■ **What is being asked**
Restate the lines word for word, from the one containing "Titel: Welche Rolle" through the last line of the entries below, without any other lines.

[Opening Material for this task section]

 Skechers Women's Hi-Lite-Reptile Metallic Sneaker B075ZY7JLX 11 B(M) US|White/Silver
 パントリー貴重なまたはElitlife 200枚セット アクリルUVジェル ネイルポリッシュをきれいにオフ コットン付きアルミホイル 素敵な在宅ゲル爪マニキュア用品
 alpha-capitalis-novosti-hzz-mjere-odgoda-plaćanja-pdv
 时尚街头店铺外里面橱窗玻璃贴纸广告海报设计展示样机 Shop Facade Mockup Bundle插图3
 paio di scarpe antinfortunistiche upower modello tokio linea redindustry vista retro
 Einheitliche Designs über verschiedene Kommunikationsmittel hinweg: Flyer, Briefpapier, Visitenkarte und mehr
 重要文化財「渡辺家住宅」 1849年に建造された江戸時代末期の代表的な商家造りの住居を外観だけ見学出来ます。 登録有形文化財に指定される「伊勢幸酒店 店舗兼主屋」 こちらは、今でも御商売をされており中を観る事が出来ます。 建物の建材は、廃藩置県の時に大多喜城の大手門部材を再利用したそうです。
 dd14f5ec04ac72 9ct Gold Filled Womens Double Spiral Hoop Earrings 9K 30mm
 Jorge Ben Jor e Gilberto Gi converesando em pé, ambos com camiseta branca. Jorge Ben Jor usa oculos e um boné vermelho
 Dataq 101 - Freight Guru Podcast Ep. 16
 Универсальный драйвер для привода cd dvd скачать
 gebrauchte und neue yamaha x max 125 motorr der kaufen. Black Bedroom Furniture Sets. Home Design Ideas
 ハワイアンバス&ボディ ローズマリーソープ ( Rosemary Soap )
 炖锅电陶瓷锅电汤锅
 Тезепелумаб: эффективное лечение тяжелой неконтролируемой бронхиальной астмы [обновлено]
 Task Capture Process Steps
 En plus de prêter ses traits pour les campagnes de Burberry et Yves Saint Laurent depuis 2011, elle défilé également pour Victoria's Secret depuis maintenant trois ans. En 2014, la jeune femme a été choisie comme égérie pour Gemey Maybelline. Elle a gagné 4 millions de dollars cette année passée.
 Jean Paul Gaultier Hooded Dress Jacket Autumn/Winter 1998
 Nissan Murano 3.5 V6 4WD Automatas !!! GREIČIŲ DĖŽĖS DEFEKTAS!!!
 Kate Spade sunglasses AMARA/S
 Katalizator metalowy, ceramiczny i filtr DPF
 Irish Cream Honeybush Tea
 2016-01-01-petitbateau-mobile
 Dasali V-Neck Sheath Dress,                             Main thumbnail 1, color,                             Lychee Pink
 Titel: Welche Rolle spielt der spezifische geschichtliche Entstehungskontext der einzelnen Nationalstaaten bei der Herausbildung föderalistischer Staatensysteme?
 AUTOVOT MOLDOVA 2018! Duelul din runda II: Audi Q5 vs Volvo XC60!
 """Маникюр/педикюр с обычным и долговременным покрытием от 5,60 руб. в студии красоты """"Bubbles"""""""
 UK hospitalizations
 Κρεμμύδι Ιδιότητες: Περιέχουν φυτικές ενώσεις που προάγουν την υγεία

[Closing Material for this task section]

■ **Answer space**
 Titel: Welche Rolle spielt der spezifische geschichtliche Entstehungskontext der einzelnen Nationalstaaten bei der Herausbildung föderalistischer Staatensysteme?
 AUTOVOT MOLDOVA 2018! Duelul din runda II: Audi Q5 vs Volvo XC60!
 """Маникюр/педикюр с обычным и долговременным покрытием от 5,60 руб. в студии красоты """"Bubbles"""""""
 UK hospitalizations
 Κρεμμύδι Ιδιότητες: Περιέχουν φυτικές ενώσεις που προάγουν την υγεία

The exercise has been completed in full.